Mara tore posters from the wall as he rattled on.

“Mr. Sheridan, of course, was thrilled. We shook hands. He was to acquire nearly 90 percent of the island at an incredible price, I would keep my observatory and the airstrip. The hangars. But Brody and I quickly became more than business partners—I think if you asked, he would call me a friend—and the boy was in over his head. I offered to help him develop the resort, handle the particulars, under the guise of wanting what was best for the island. A silent partner, if you will. He would remain the figurehead, the name associated with Tizoc Grand Islands Resort and Spa. I would stay behind the scenes. I’m only an astronomer after all.”

“You manipulated him,” Dan said.

Shae grinned. “Mr. Sheridan certainly fits the definition of a polezny dura .” He read the confusion on Dan’s face. “A useful idiot. Soon, I had my hands in all aspects of planning Tizoc. Room layouts, building amenities. I proved my worth to Brody time and time again. It was my idea to cater to three distinct socioeconomic populations. My idea to offer deep discounts to Building C guests, target Building B guests through self-worth comparisons on social media, attract Building A visitants by going overboard on luxury. I wanted a diverse subject pool, you see, and—”

“The sun,” Dan growled. “Get to the sun.”

“The experiment itself had to be short,” Shae said. “Tizoc’s grand opening package was only two weeks long. For two weeks, I could be assured no one would attempt to come or go from the island. But what would I test?

“I knew it was essential I quickly provoke my subjects—to test the limits of what humans are capable of under duress. How humans react to something like, say, their sun dying—well, Mr. Foster, that could help inform decisions made in the event of an actual cosmic disaster. Data like that could help humanity react in the face of certain doom. This research was for the good of humanity. You must understand that.”

Shae began to laugh, the same unhinged laughter from the night he and Dan shared Bagel Bites. “I convinced him—I convinced that boy—to theme the entire resort on the Aztecs, a people who famously worshipped the sun. Tizoc? The Sola Pool? Maize? ” Shae slapped his knee. “We’re in the Caribbean! It makes no sense!” He was dying. “There’s a mariachi band!”

“You’re insane,” Dan said.

Shae wiped a tear, composing himself. “Well, Mr. Foster, there’s a thin li—”

Dan shook the gun. “Do not say there’s a thin line between insanity and genius. They always say that. There’s a big line! It’s a thick fucking line!”

“I can see you are upset. But think of what I have observed in just over a week, Mr. Foster! All the data gathered. Tribalism, idol worship, a developing class system. A government in its infancy. Murder, mutiny. And love! We had a wedding , Mr. Foster. Then a war. In fact, that’s where I was before joining you. Observing the skirmish between Buildings A and C. Stupendous. Imagine having a front row seat to the Battle of Megiddo.”

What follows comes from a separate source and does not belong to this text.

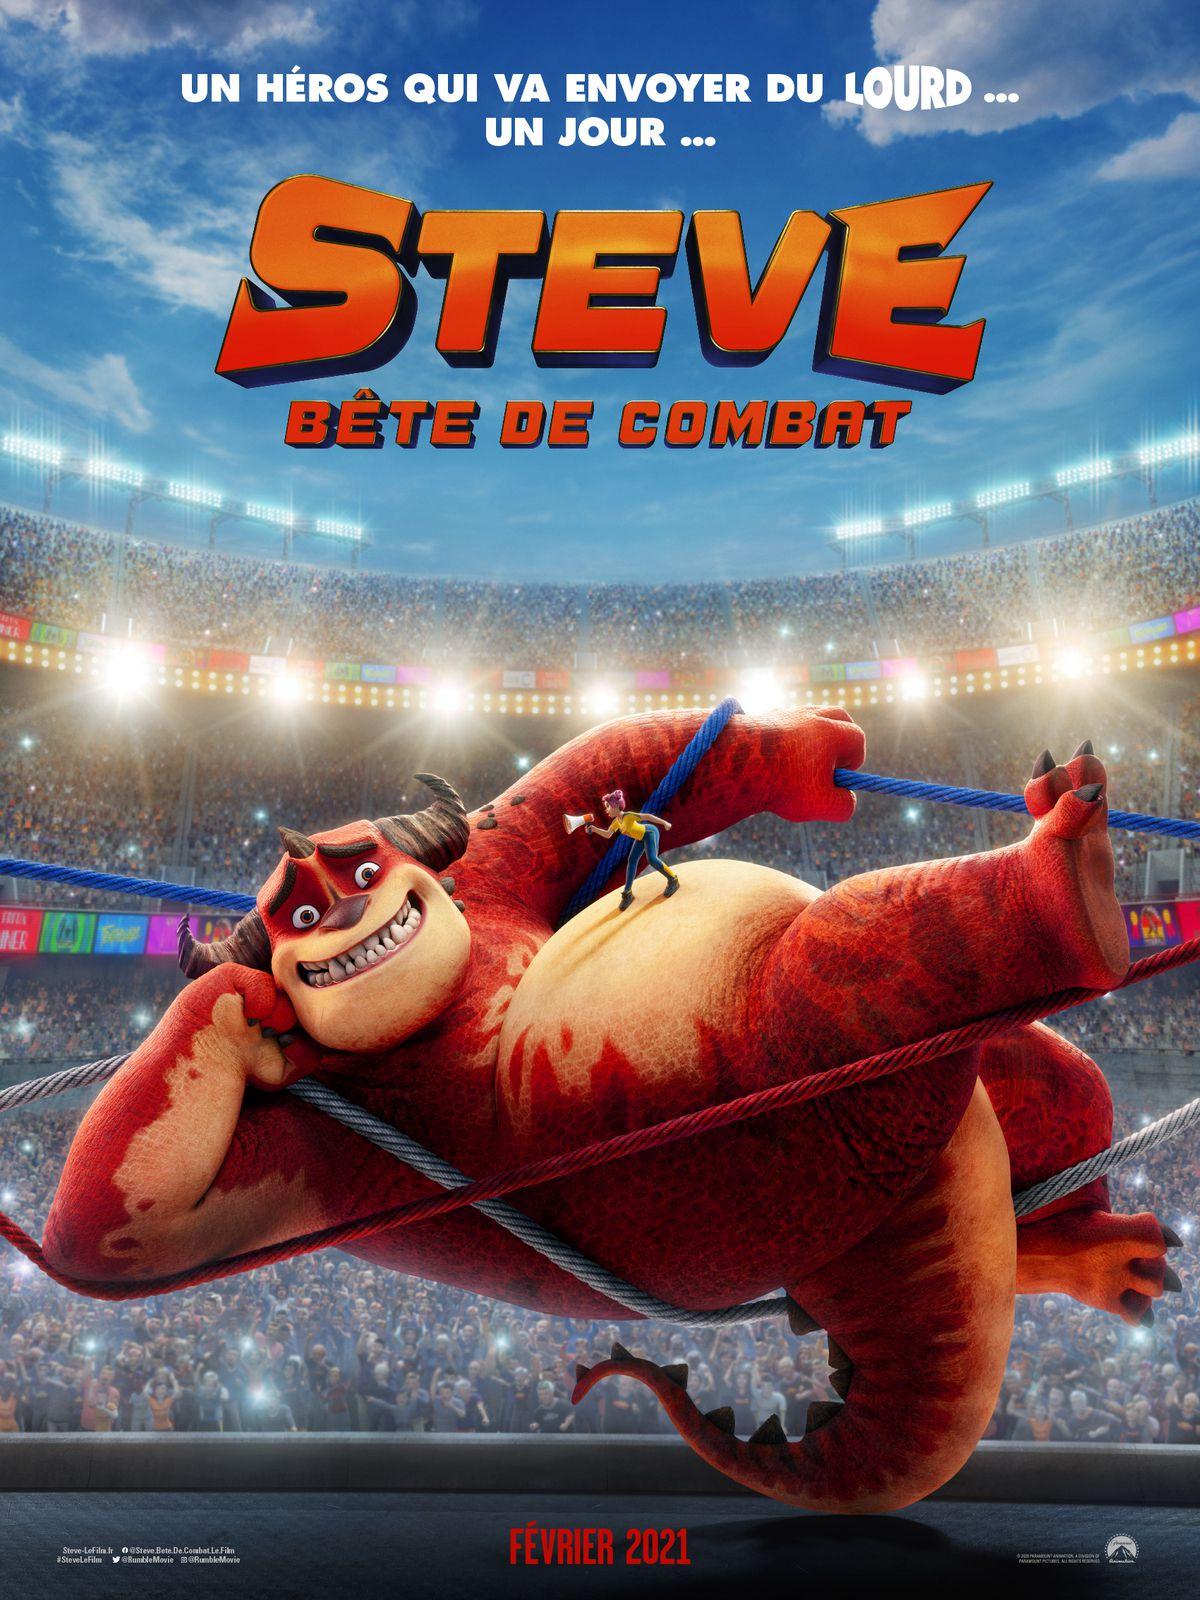 Bande-annonce du film d'animation Steve, bête de combat.

“The fighting on the pool deck wasn’t exactly the Battle of Megiddo.”

“I’ve captured so much of the human experience. More than I could have hoped for. And soon that data will be uploaded for the world to see. You must understand the value of that, Mr. Foster. You must understand how it will benefit future generations. Our small sacrifice—”

“Those British guys,” Mara said, abandoning her search. “The ones who stole the boat.”

Shae stopped. “Oh, yes, that gave me a scare. I had forgotten about the boats. Imagine those chaps’ confusion when they crashed into what looked to be open sea.”

“It was you who disabled the remaining boats,” Mara said.

“I had no choice.”

Dan pressed the sides of his head, tried to keep his brain from rebooting. “The cameras in our rooms.”

“Brody protested, at first. But I told him they would only operate in an emergency. A safety investment. He’s a bit of a prepper, that one, and so easily convinced.”

Shae had done the impossible. Was Dan actually pitying Brody Sheridan?

“I must admit though,” Shae continued, “not everything was my idea. Some of Mr. Sheridan’s contributions, while coincidental, have been immense. Hiring that Rico character, equipping him with a rifle. Incredible. If he wasn’t plucked right from the Normanist theory of Scandinavian conquest. And Lilyanna Collins!” Shae closed his eyes, pumped his fist. “Could there exist a better analogy for de facto military leaders created in the midst of power vacuums?”

Shae looked at them both like he was actually expecting a response.

“Have I answered all your questions?” he said, blood on his teeth now. “Can we put down the gun?”

“We saw the sun explode,” Mara said. “It shattered. Cracked like an egg.”

“Mixture of projections, pyrotechnics, and screens built into the dome itself. Convincing, no? I tell you, when this dome was constructed, it was ahead of its time. Father often floated the idea of licensing the technology to Disney World.”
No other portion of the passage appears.